Step 3: Create the credential configuration

The credential configuration is a Databricks configuration object that represents the IAM role that you created in the previous step.

To create a credential configuration:

  1. When creating the new workspace, in the Cloud credential dropdown menu, select Add cloud credential.
  2. Select Add manually.
  3. In the Cloud credential name field, enter a human-readable name for your new credential configuration.
  4. In the Role ARN field, paste the role ARN that you copied in the previous step.
  5. Click OK.

Databricks validates the credential configuration during this step. Possible errors can include an invalid ARN or incorrect permissions for the role, among others.

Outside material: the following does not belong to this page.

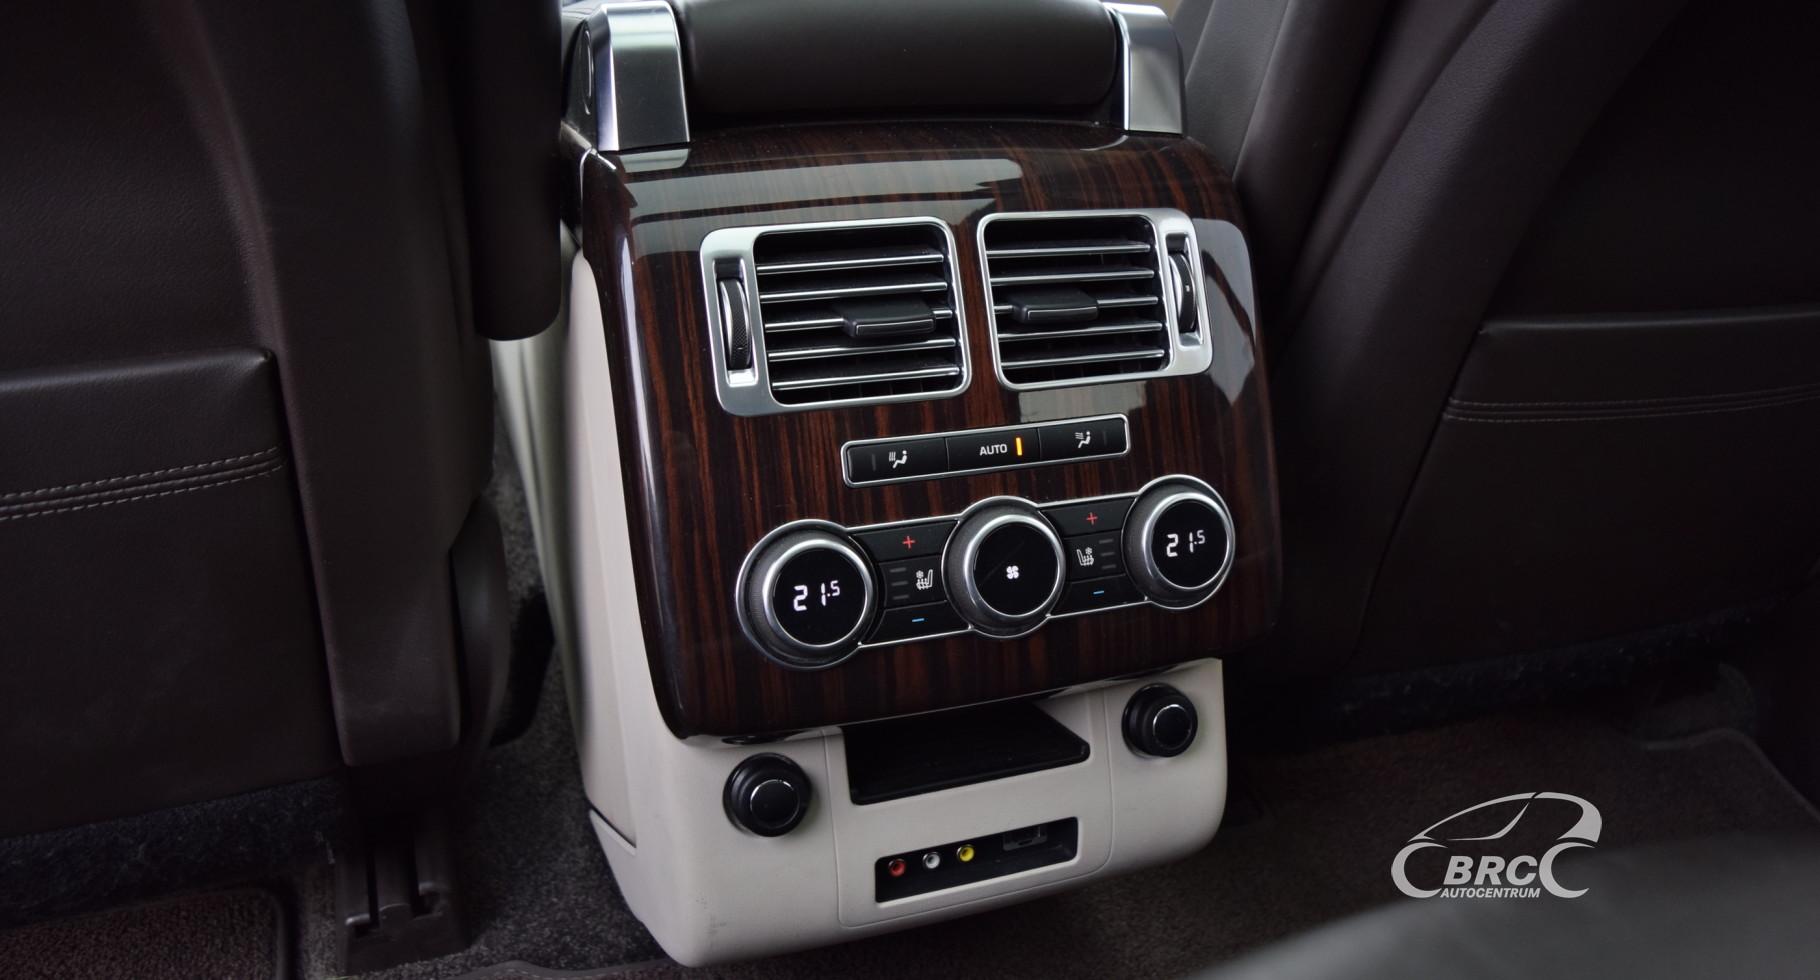 Land-Rover Range Rover Vogue SDV8

Create a storage configuration

In the storage configuration step, you create a storage bucket to store your Databricks workspace assets such as data, libraries, and logs. This is also where the workspace's default catalog is stored. As part of the storage configuration, you also create an IAM role that Databricks uses to access the storage location.

Step 1: Create an S3 bucket

  1. Log into your AWS Console as a user with administrator privileges and go to the S3 service.

  2. Click the Create bucket button.

  3. Enter a name for the bucket.

  4. Select the AWS region that you will use for your Databricks workspace deployment.

  5. Click Create bucket.

  6. Click the Permissions tab.

  7. In the Bucket policy section, click Edit.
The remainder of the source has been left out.